The Consumer Financial Protection Bureau warned lenders of the requirement to provide specific and accurate reasons when denying credit to a consumer, reiterating the agency’s skepticism of artificial intelligence and advanced algorithms in underwriting decisions.
On Tuesday, the CFPB issued guidance on the use of artificial intelligence in underwriting and the explanations given to consumers who are denied credit. The bureau said that creditors are relying inappropriately on a checklist of reasons provided by the CFPB in sample forms. The bureau said that creditors instead must provide specific reasons and details to explain why a consumer is denied credit or why a credit limit was changed.
“Creditors must be able to specifically explain their reasons for denial. There is no special exemption for artificial intelligence,” CFPB Director Rohit Chopra said in a press release. “Technology marketed as artificial intelligence is expanding the data used for lending decisions, and also growing the list of potential reasons for why credit is denied.”
The agency also warned lenders against using data harvested from consumer surveillance or data that is not typically found in a consumer’s credit file or credit application. The bureau said that consumers can be harmed by the use of surveillance data given that “some of these data may not intuitively relate to the likelihood that a consumer will repay a loan.”
Under the Equal Credit Opportunity Act, a landmark 1974 anti-discrimination statute, a creditor is required to provide an applicant with a reason for denying, revoking or changing the terms of an existing extension of credit. The explanation is known as an adverse action notice.
Credit applicants and borrowers receive adverse action notices when credit is denied, an existing account gets terminated or an account’s terms are changed. The notices discourage discrimination, and help applicants and borrowers understand the reasons behind a creditors’ decisions, the CFPB said. The CFPB said that a lender is not in compliance with ECOA if the reasons given to the consumer are “overly broad, vague, or otherwise fail to inform the applicant of the specific and principal reasons for an adverse action.”

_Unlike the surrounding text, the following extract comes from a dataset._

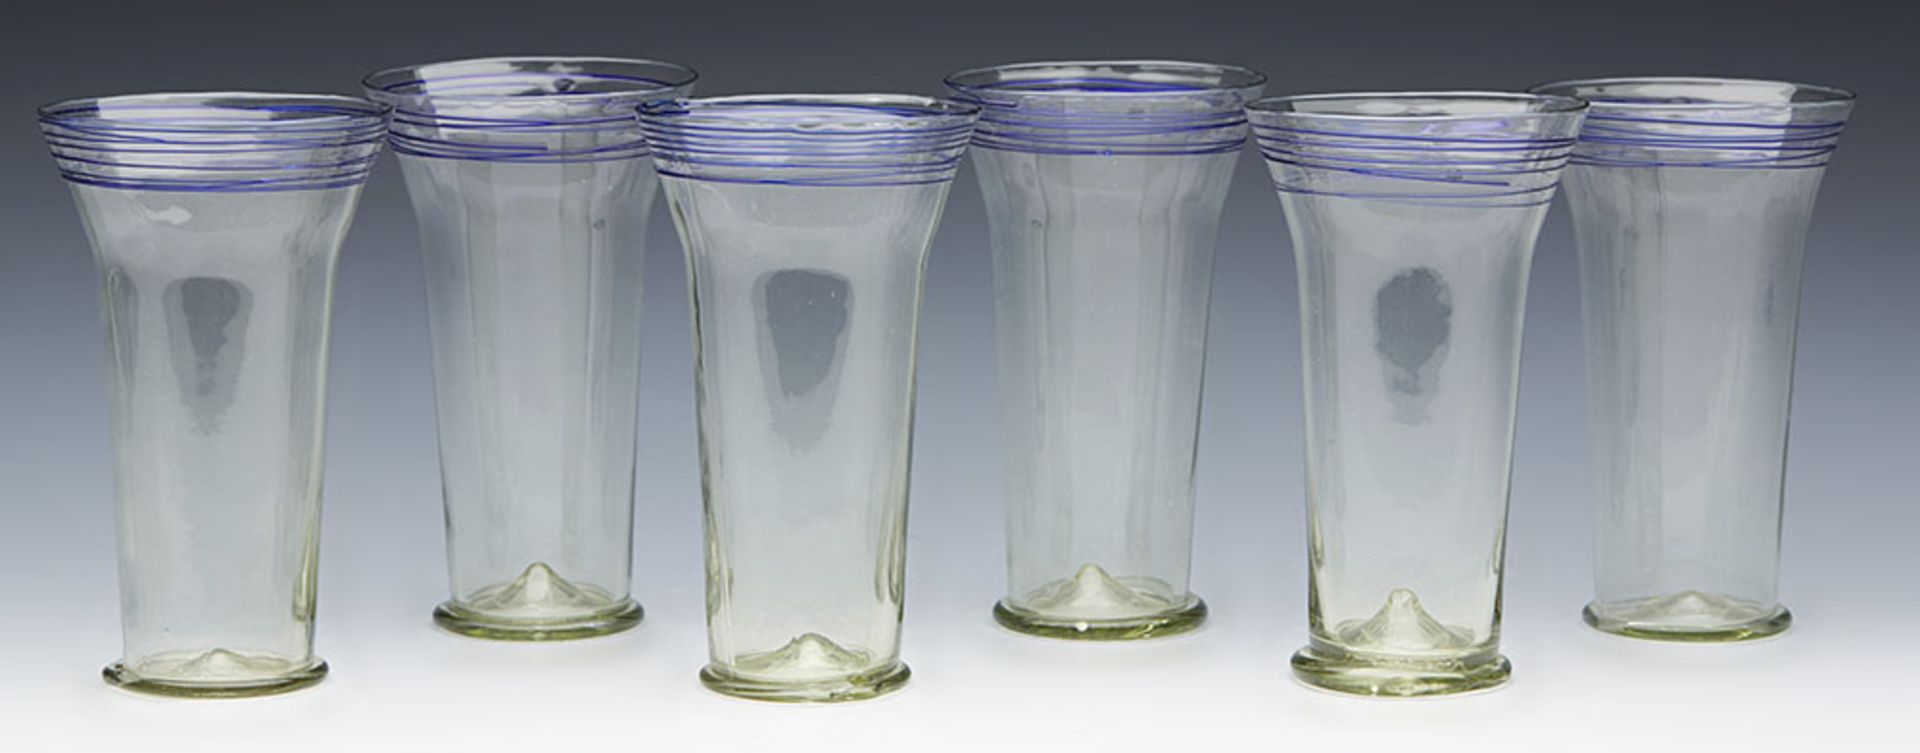 ARTS & CRAFTS SET SIX TUMBLER GLASSES ATTRIBUTED TO JAMES POWELL C.1890

The guidance serves as a warning to lenders that are using sample CFPB forms and a CFPB checklist of reasons for denying credit. The bureau said that creditors that select inaccurate reasons on a checklist are not in compliance with the law.
The CFPB’s guidance states that the specific reasons disclosed as to why a consumer is denied credit, or if there is a change in circumstances, must “relate to and accurately describe the factors actually considered or scored by a creditor.” Such “specificity” is necessary to ensure a consumer understands the explanation and the lender does not obfuscate the principal reasons for the change, the bureau said.

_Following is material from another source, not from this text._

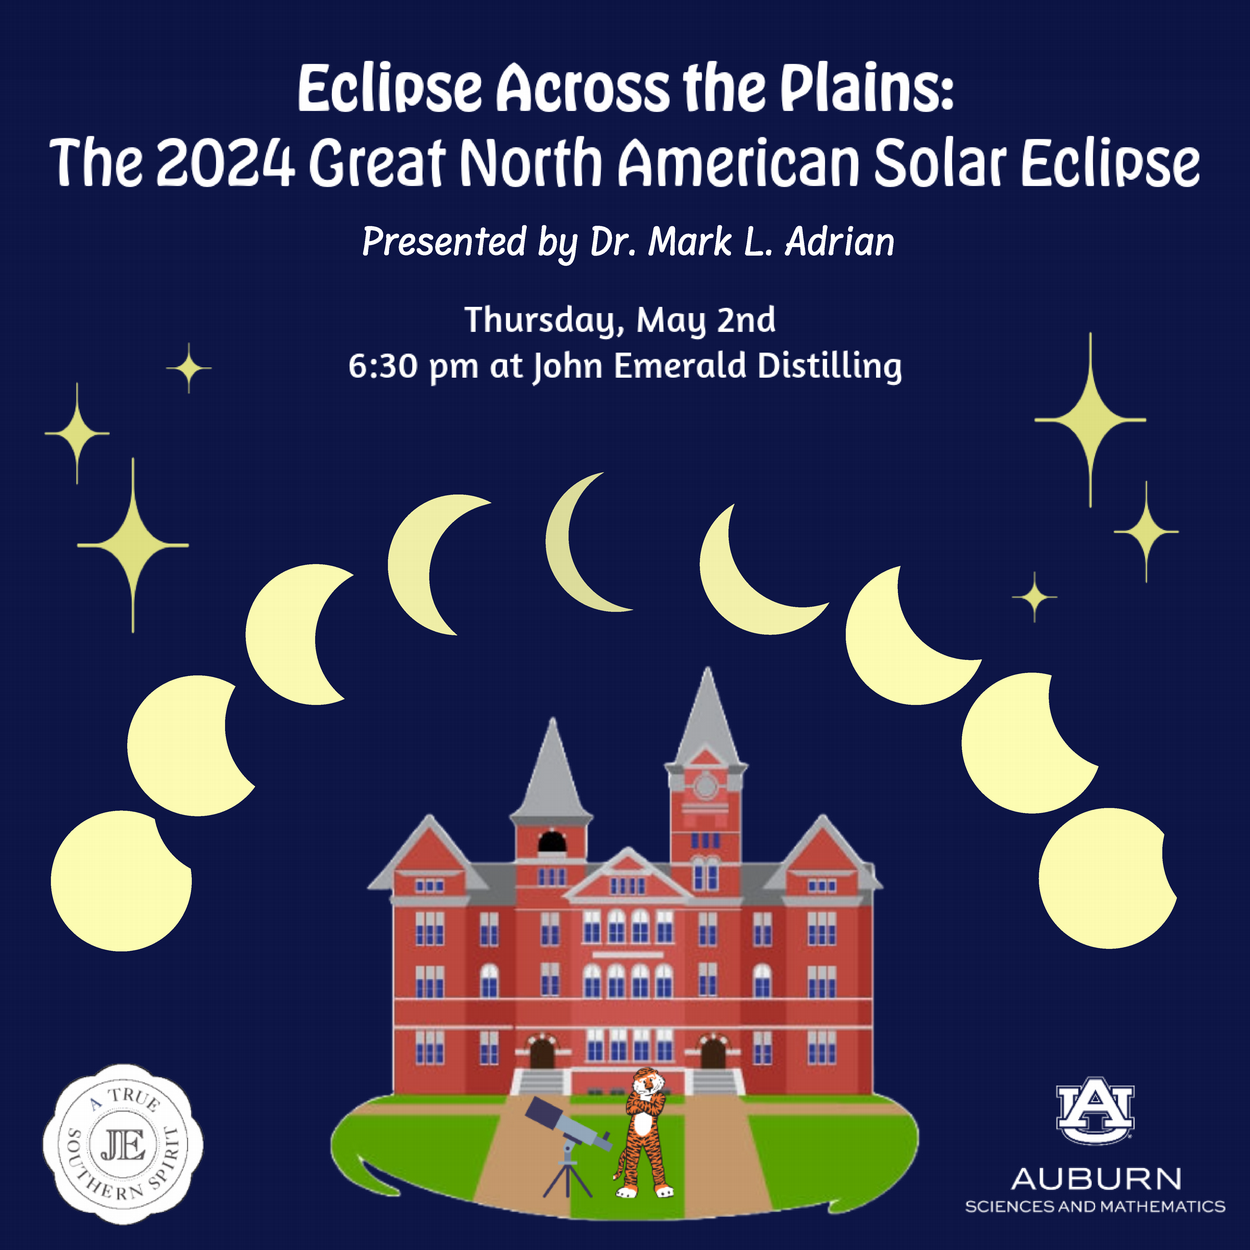 Joins us for the Eclipse Across the Plains - Science Café on May 2 at 6:30 p.m.

As an example, the CFPB said that if a creditor decides to lower the limit on a consumer’s credit line based on behavioral spending data, the creditor would need to provide more details about the specific negative behaviors that led to the reduction beyond checking a general reason such as the consumer’s “purchasing history.”
Last year the CFPB issued an advisory opinion that further clarified that lenders are required to provide the adverse action notices to borrowers with existing credit, to explain if an unfavorable decision was made against a borrower. At the time, the CFPB did not provide an analysis of how lenders that use complex algorithms can find ways to meet the adverse action requirements in ECOA. The current guidance attempts to bridge that gap.
The CFPB has taken a variety of regulatory actions related to AI in recent years, including telling landlords to notify prospective tenants when they are denied housing, and issuing a proposed rule with other federal agencies on automated valuation models. The bureau is working to ensure that black-box AI models do not lead to what it calls digital redlining in the mortgage market.